# Exercise
No line before the one holding "Brett Kokinadis for Congress" is to be copied; that line and all after it, through the end of the listing, are returned exactly, minus pictures.

# Data shown
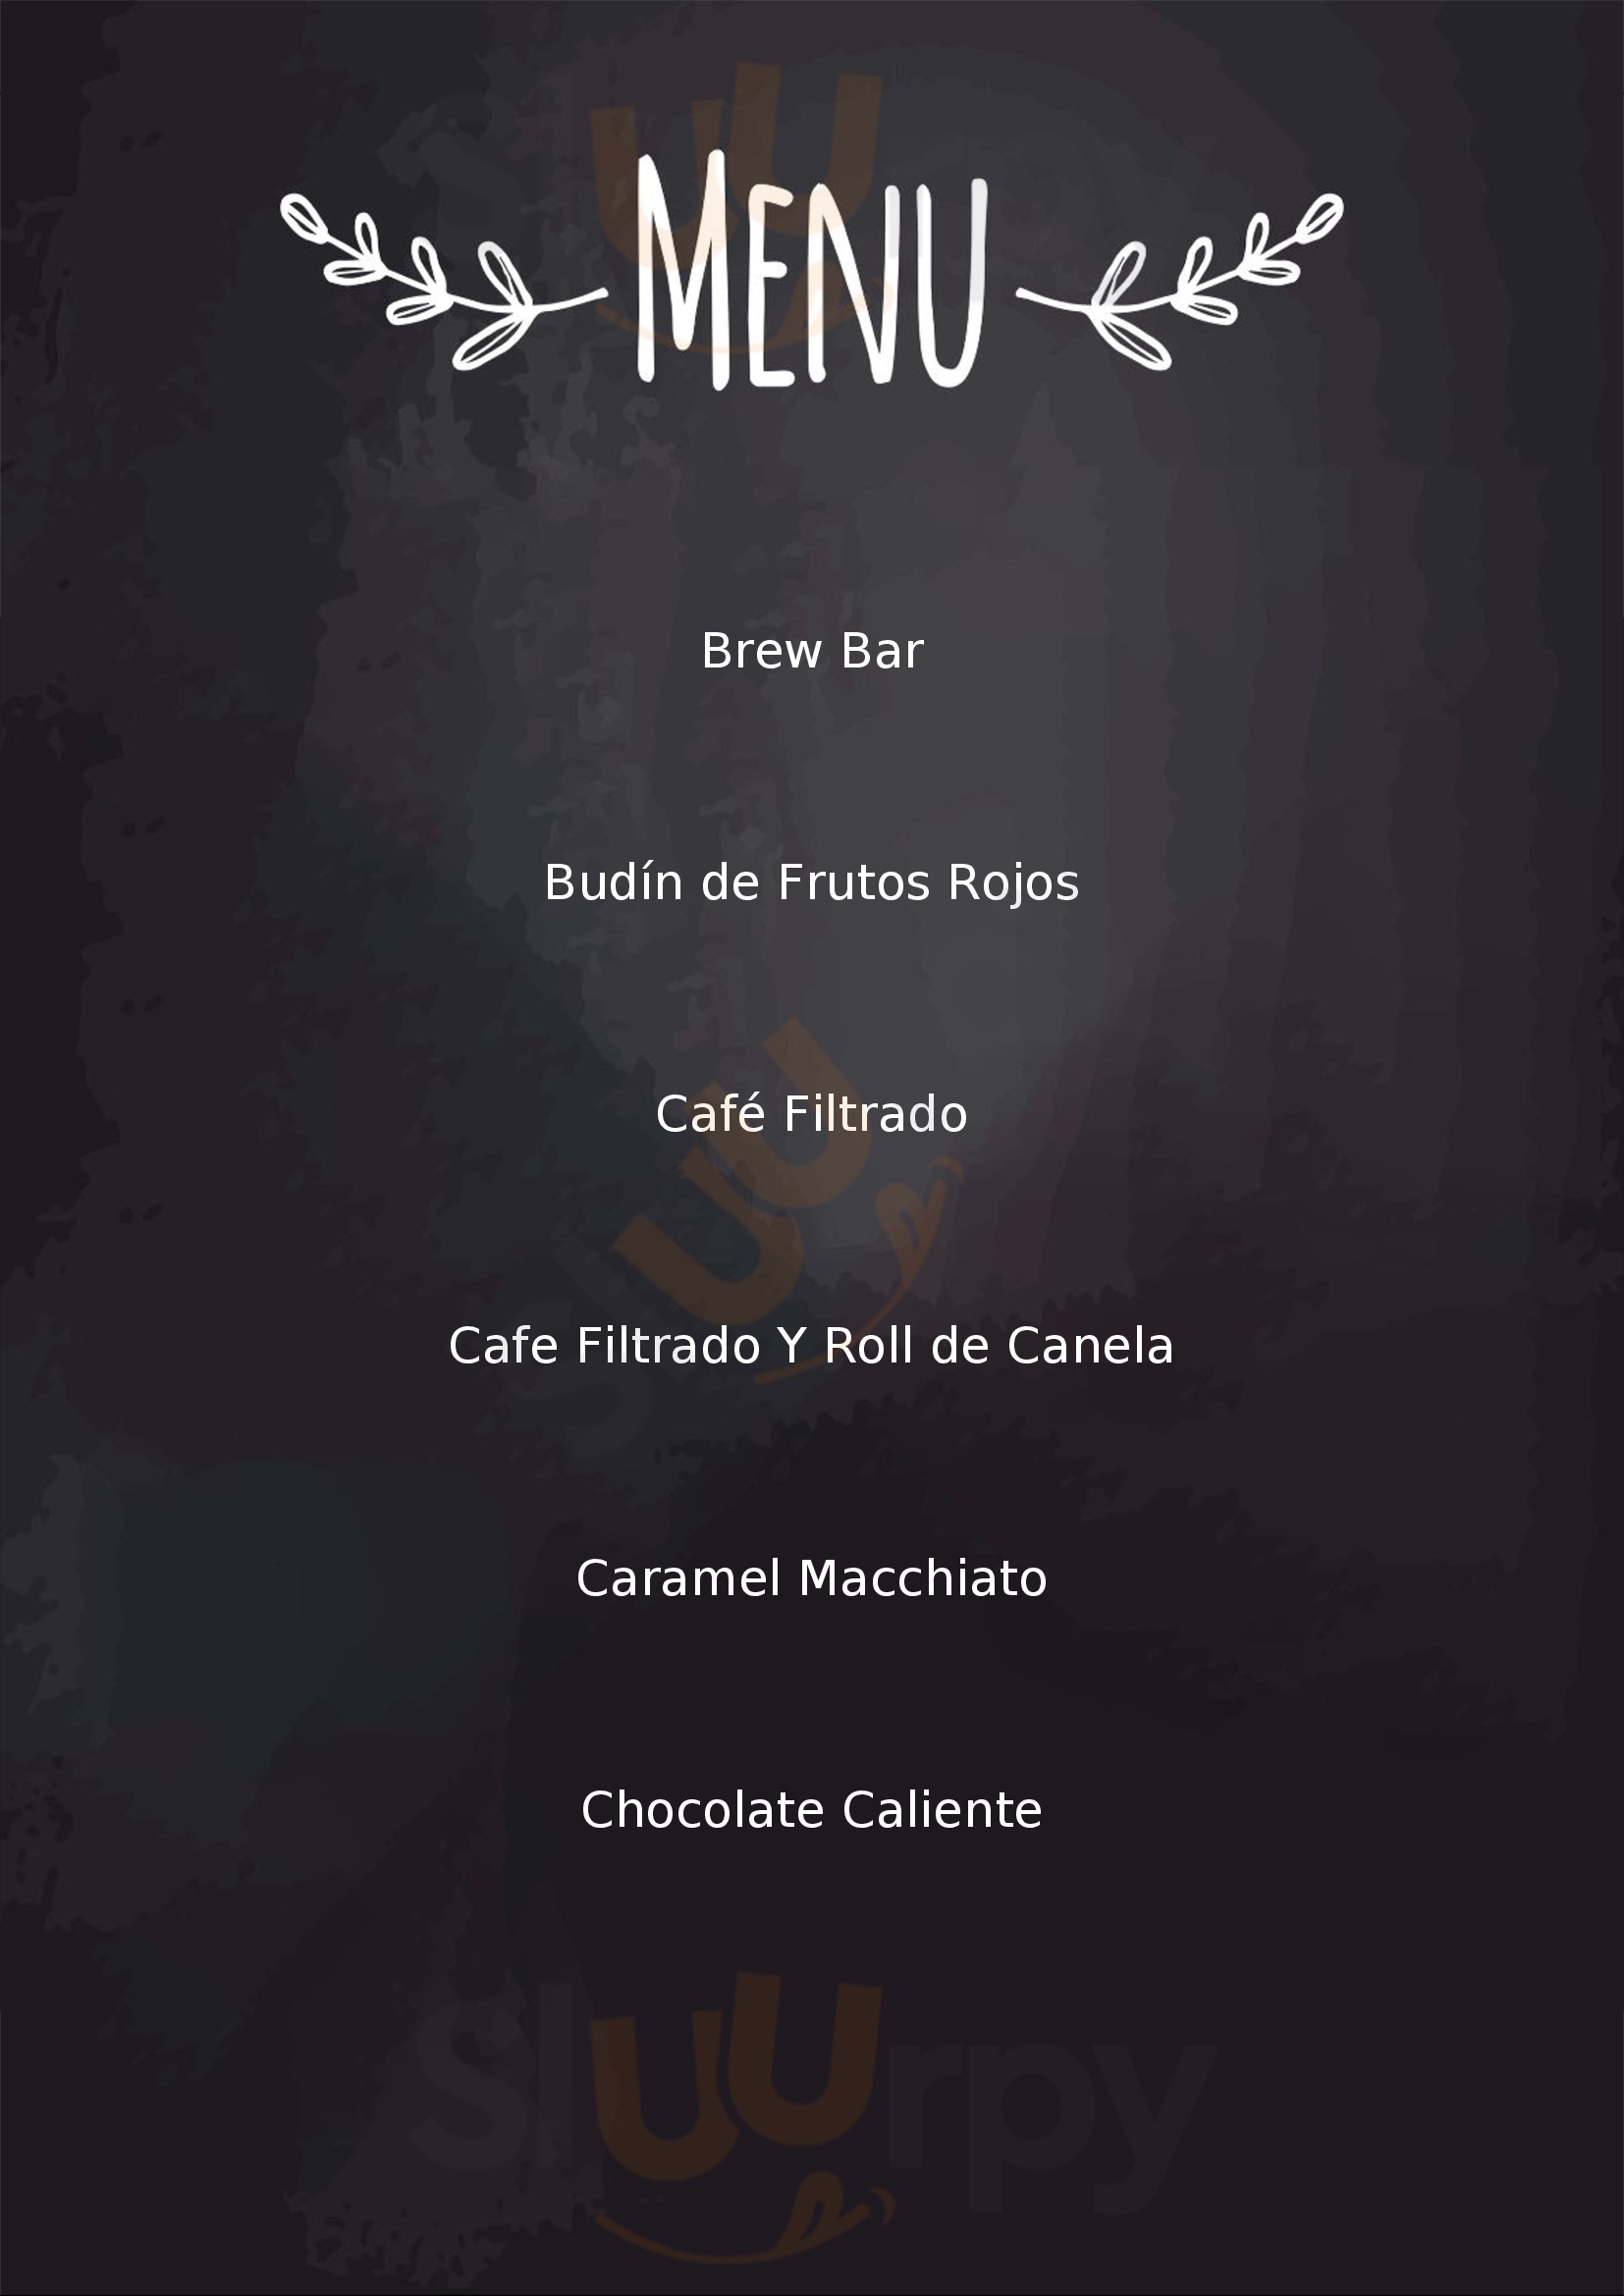 All Saints Cafe Buenos Aires Menu - 1
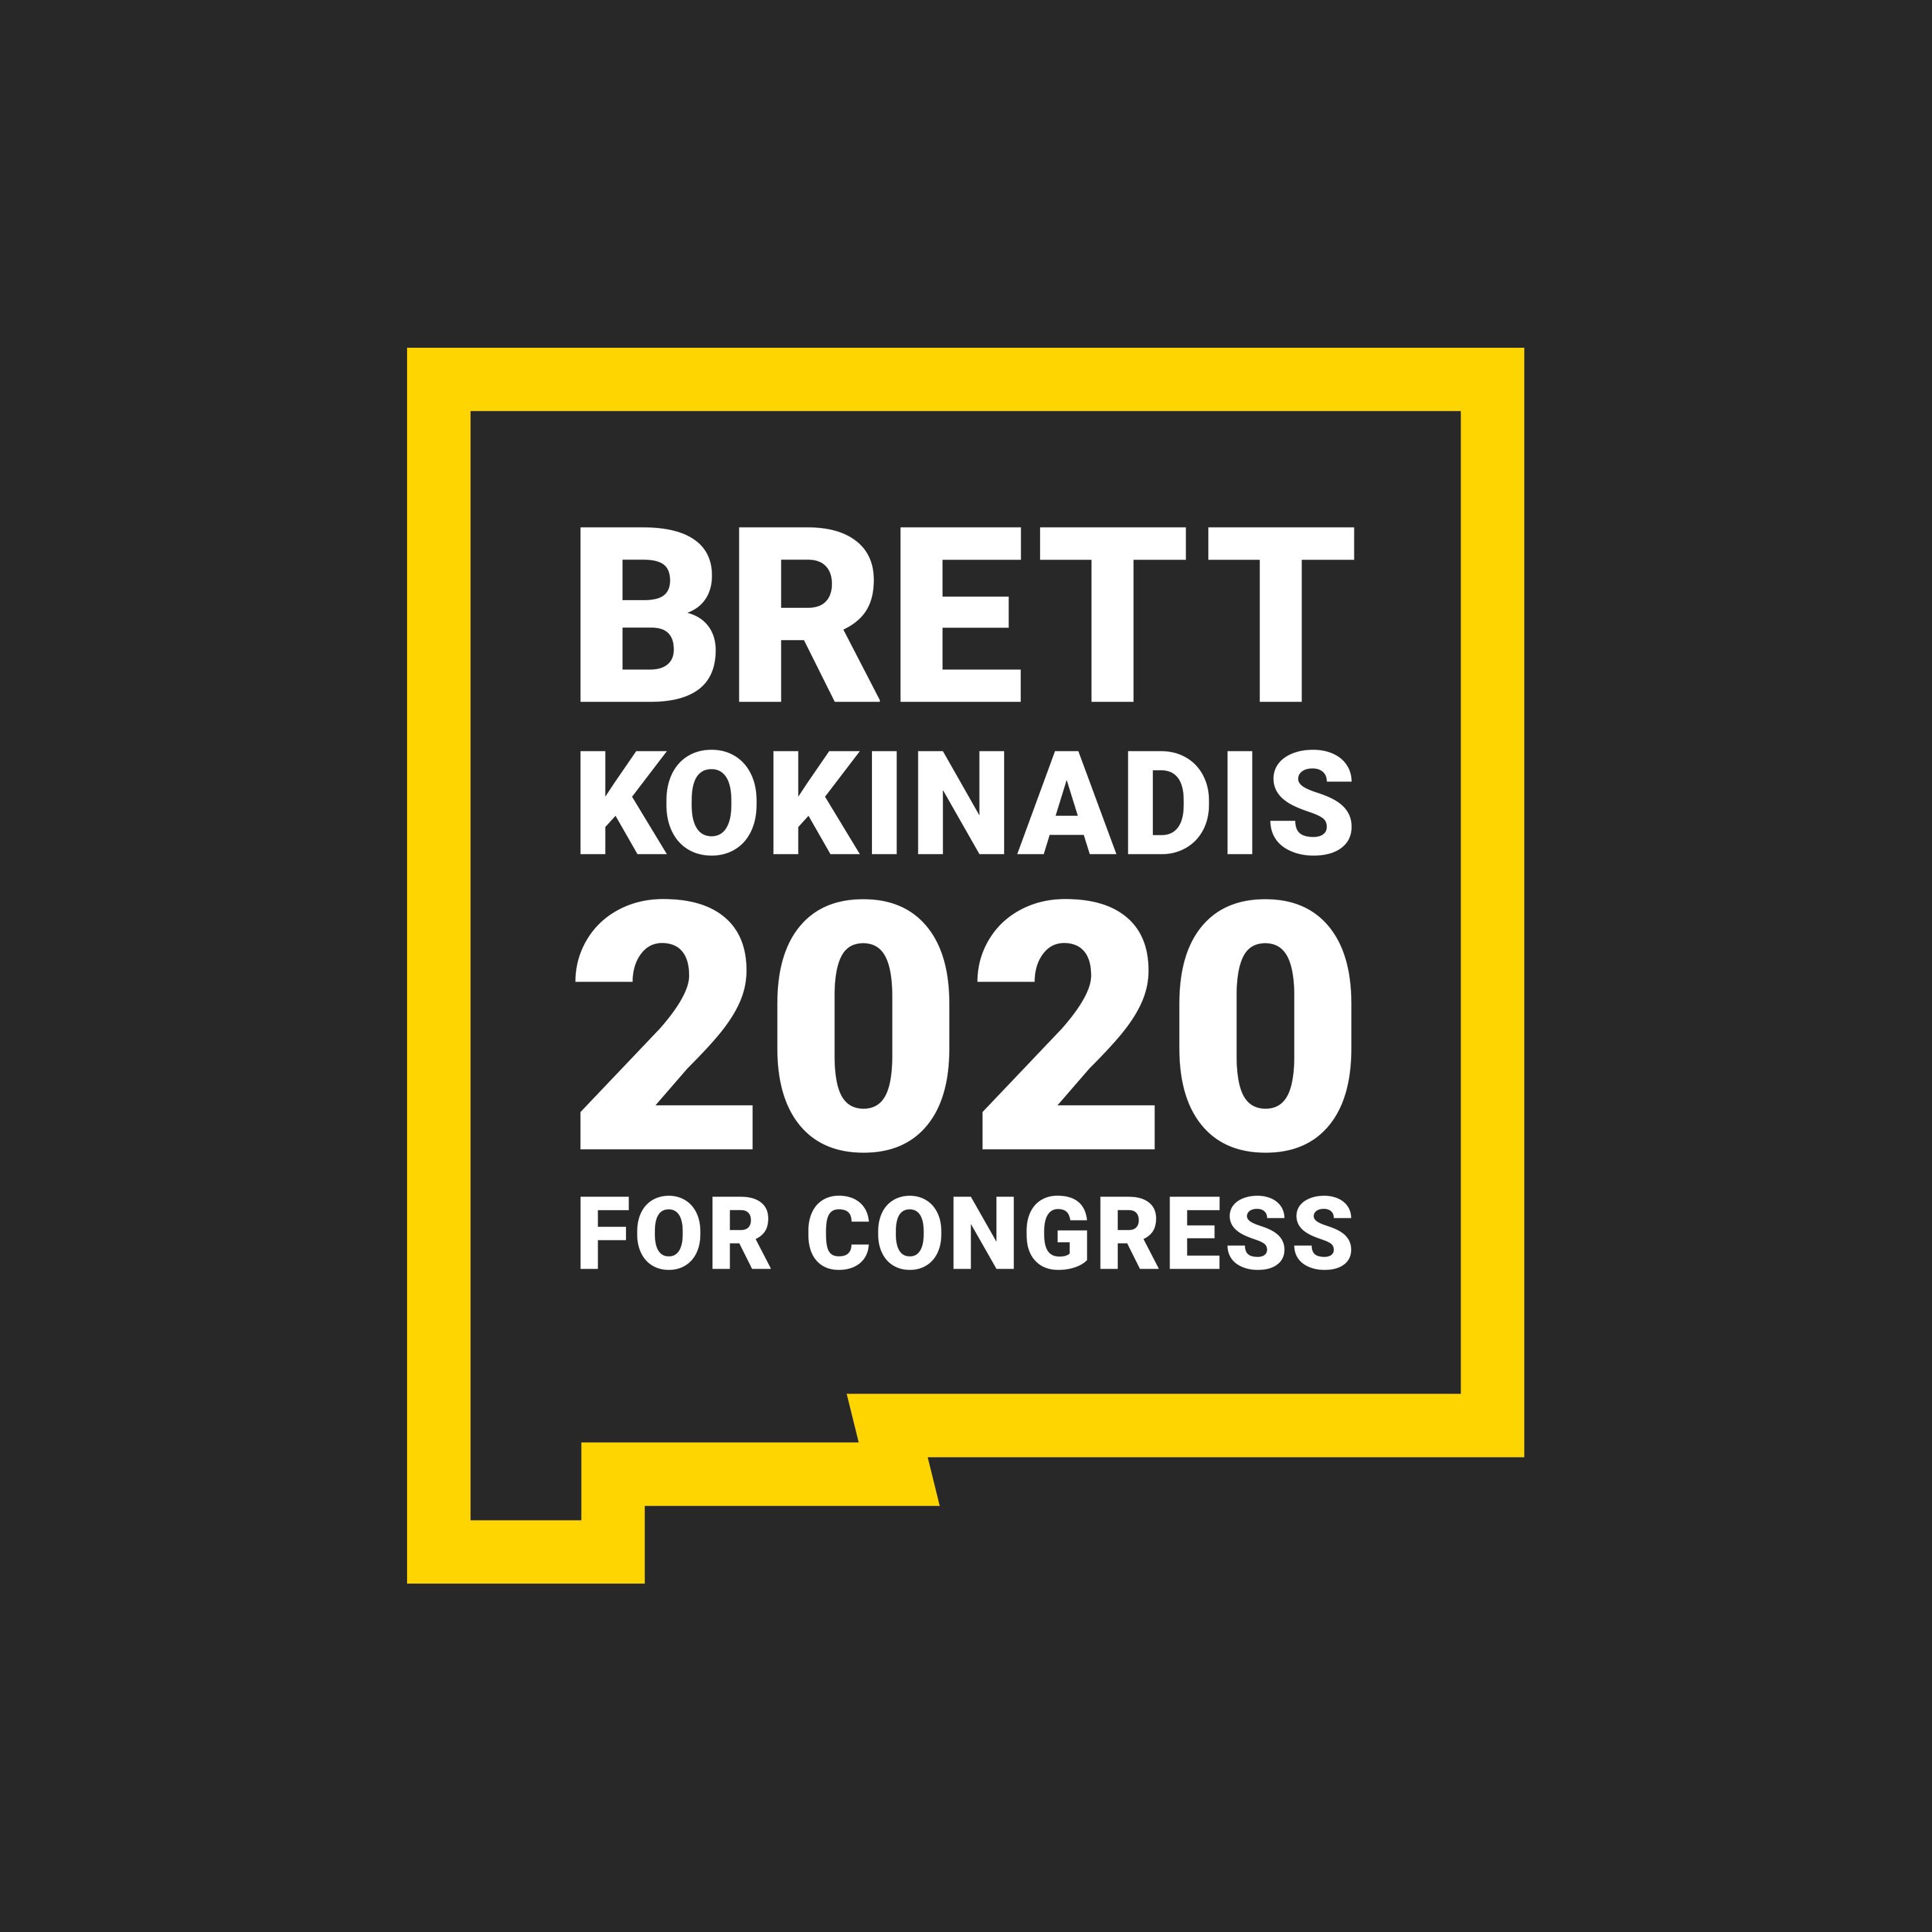 Brett Kokinadis for Congress
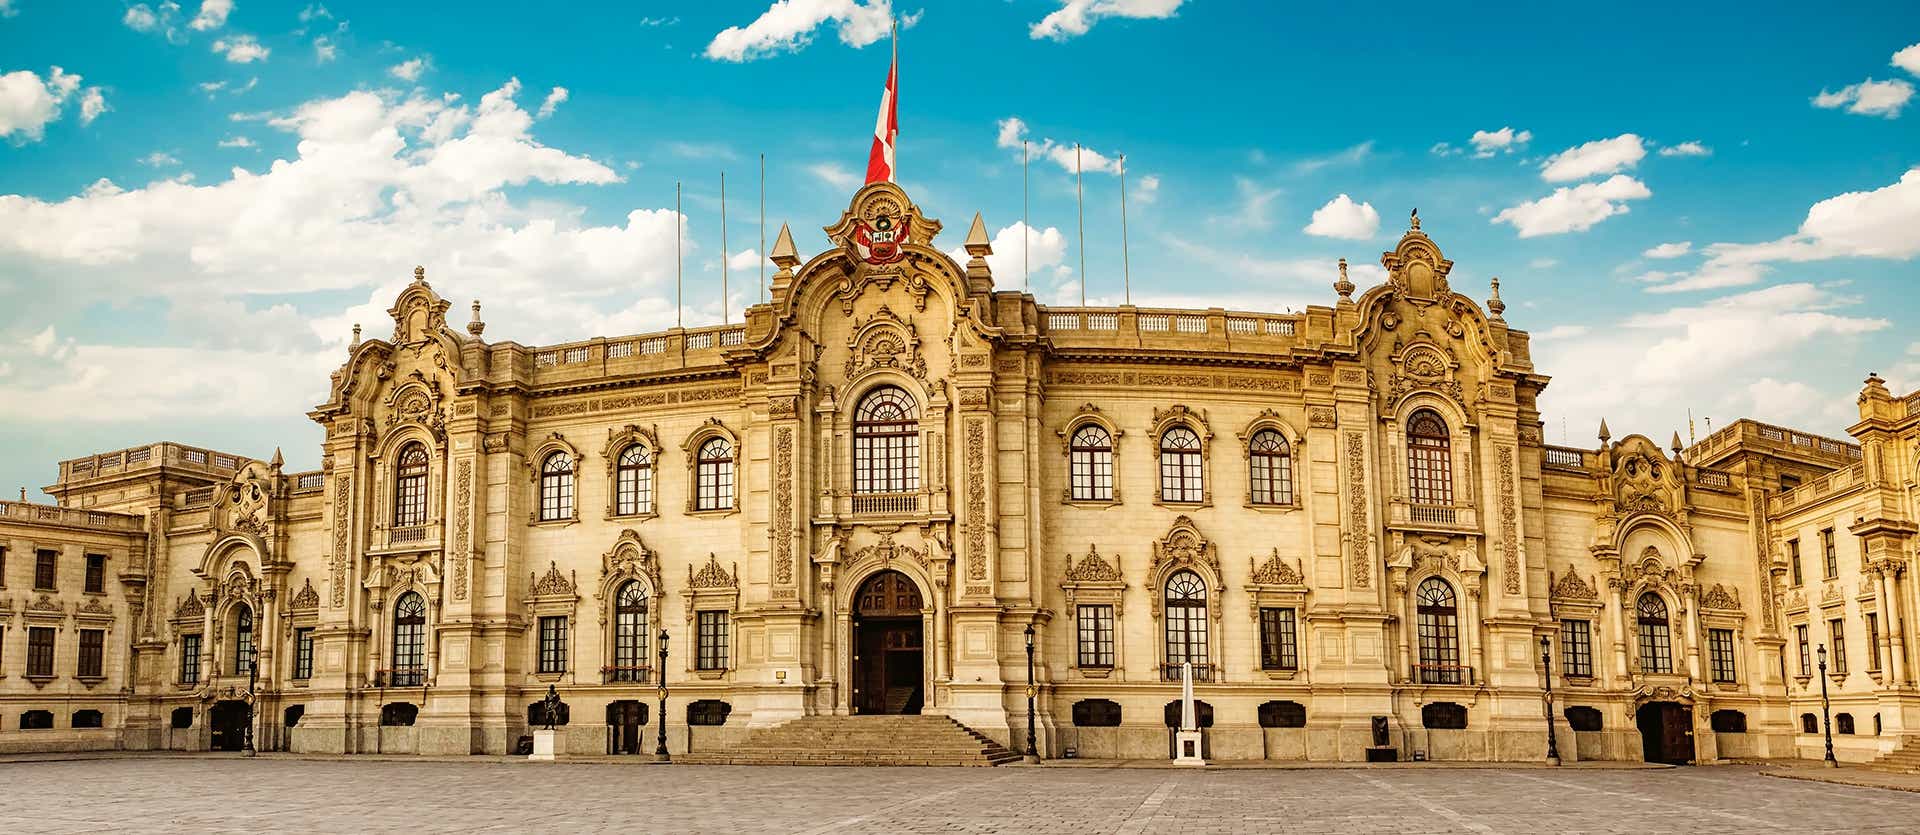 Government Palace <span class="iconos separador"></span> Lima

# Task answer
 Brett Kokinadis for Congress
 Government Palace <span class="iconos separador"></span> Lima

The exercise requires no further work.